From the fact that the animal body is such an excellent apparatus for pure cultivation, and that, as we have seen, when the experiments are properly arranged and sufficient optical aids used, only one specific form of bacterium can be found in each distinct case of artificial traumatic infective disease, we may now further conclude that when, in examining a traumatic infective disease, several different varieties of bacteria are found, as e. g., chains of small granules, rods, and long, oscillating threads--such as were seen together by Coze and Feltz in the artificial septicæmia of rabbits--we have to do either with a combined infective disease,--that is, not a pure one,--or, what in the case cited is more probable, an inexact and inaccurate observation. When, therefore, several species of bacteria occur together in any morbid process, before definite conclusions are drawn as to the relations of the disease in question to the organisms, either proof must be furnished that they are all concerned in the morbid process, or an attempt must be made to isolate them and to obtain a true pure cultivation. Otherwise we cannot avoid the objection that the cultivation was not pure, and therefore not conclusive. I shall only briefly refer to a further necessary consequence of the admission of the existence of different species of pathogenic bacteria. The number of the species of these bacteria is limited; for, of the numerous diverse forms present in putrid fluids, one or but few can in the most favorable cases develop in the animal body. Those which disappear are, for that species of animal at least, not pathogenic bacteria. If, however, as follows from the foregoing, there exist hurtful and harmless bacteria, experiments performed on animals with the latter, e. g., with bacterium termo, prove absolutely nothing for or against the behavior of the former--the pathogenic--forms. But almost all the experiments of this nature have been carried out with the first mixture of different species of bacteria which came to hand without there being any certainty that pathogenic bacteria were in reality present in the mixture. It is therefore evident that none of these experiments can be regarded as furnishing evidence of any value for or against the parasitic nature of infective diseases.
In all my experiments, not only have the form and size of the bacteria been constant, but the greatest uniformity in their actions on the animal organisms has been observed, though no increase of virulence, as described by Coze and Feltz, Davaine, and others. This leads me to make some remarks on the supposed law of the increasing virulence of blood when transmitted through successive animals, discovered or confirmed by the investigators just named.
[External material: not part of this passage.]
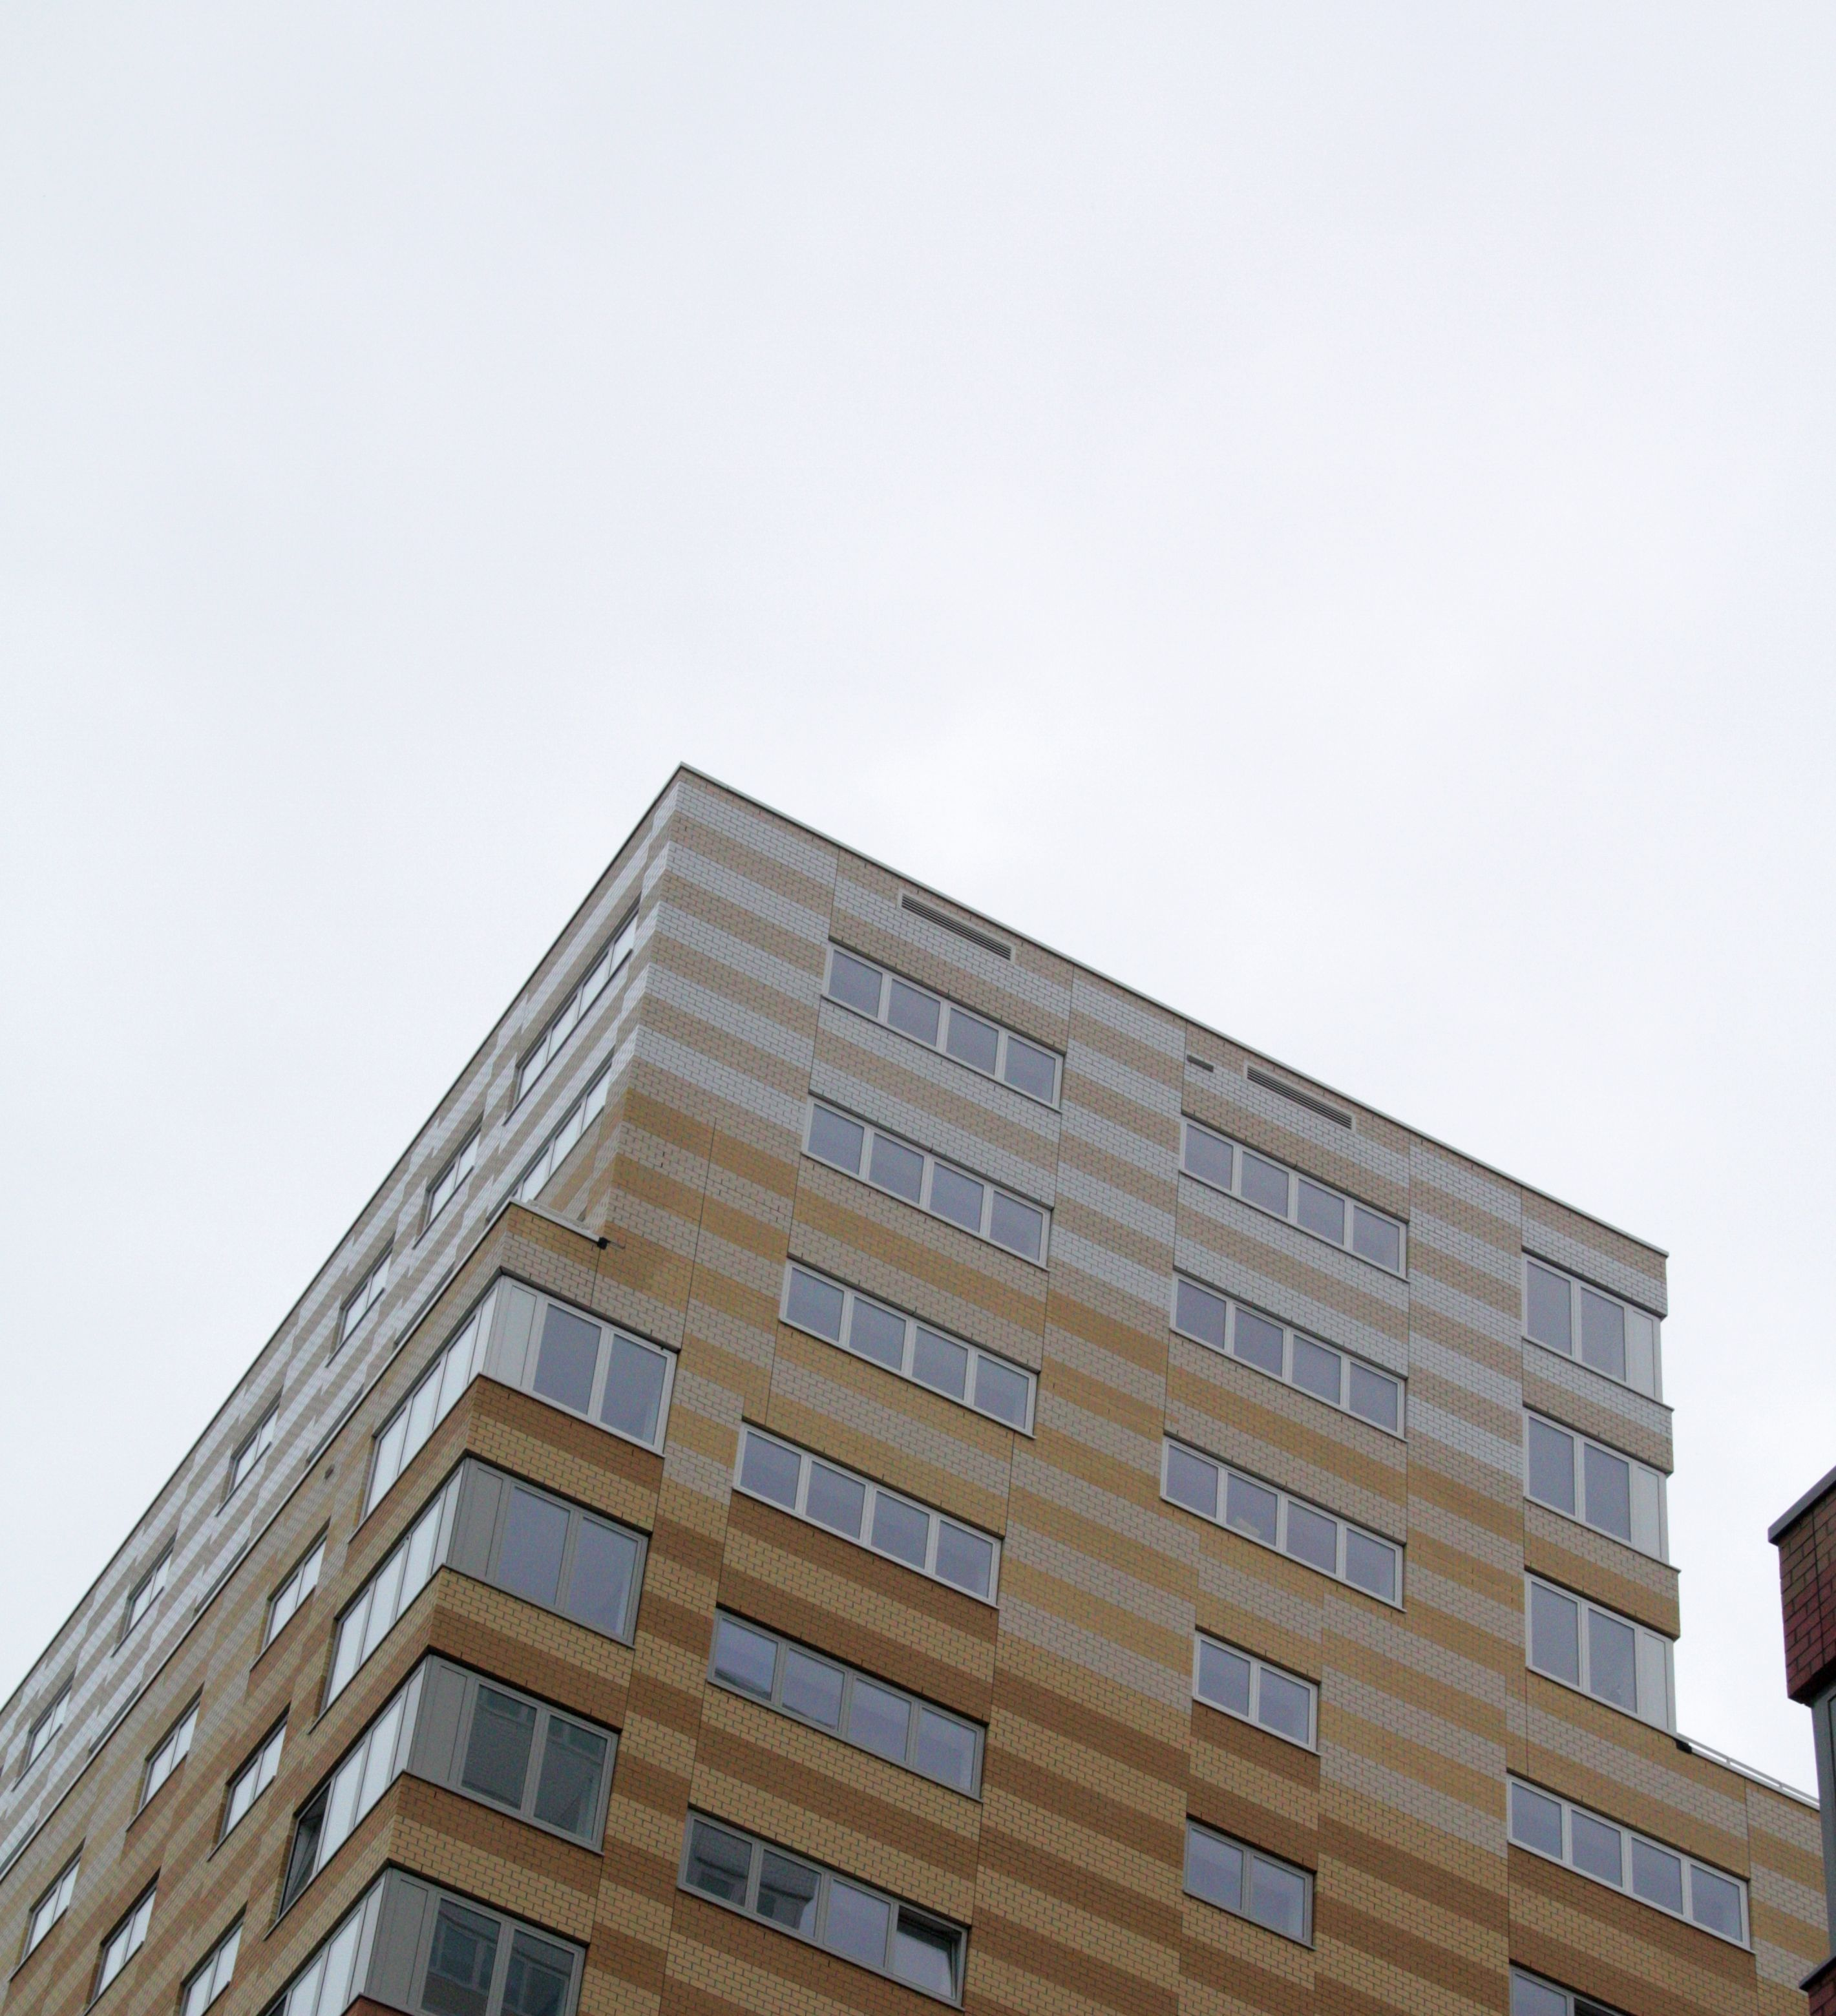 Appartementen winkelcentrum amsterdam st joris st for Amsterdam products

The discovery of this law has, as is well known, been received with great enthusiasm, and it has excited no little interest owing to its intimate bearing on the doctrine of natural selection (Anpassung and Vererbung). Some investigators, who are in other things very exact, have allowed themselves to be blinded by the seductive theory that the insignificant action of a single putrefactive bacterium may, by continued natural selection in passing from animal to animal, be increased in virulence till it becomes deadly though a drop of the infective liquid be diluted in a quadrillion times. They have founded thereon the most beautiful practical applications, not suspecting that the bacteria in question have never been certainly demonstrated.
The original works of Coze and Feltz, as also that of Davaine, are not at my disposal for reference; and I cannot therefore enter into a complete criticism of them. So far, however, as I can gather from the references accessible to me, especially from the detailed notices in Virchow and Hirch’s “Jahnesbericht,” no complete proof that the virulence of septicæmic blood increases from generation to generation seems to have been furnished. Apparently blood more and more diluted was injected, and astonishment was felt when this always acted, the effect being then ascribed to its increasing virulence. But controlling experiments to ascertain whether the septicæmic blood were not already as virulent in the second and third generations as in the twenty-fifth, do not seem to have been made. My experiments so far support and are in accordance with those of Coze, Feltz, and Davaine in that for the first infection of an animal relatively large quantities of putrid fluid are necessary; but in the second generation, or at the latest in the third, the full virulence was attained, and afterwards remained constant.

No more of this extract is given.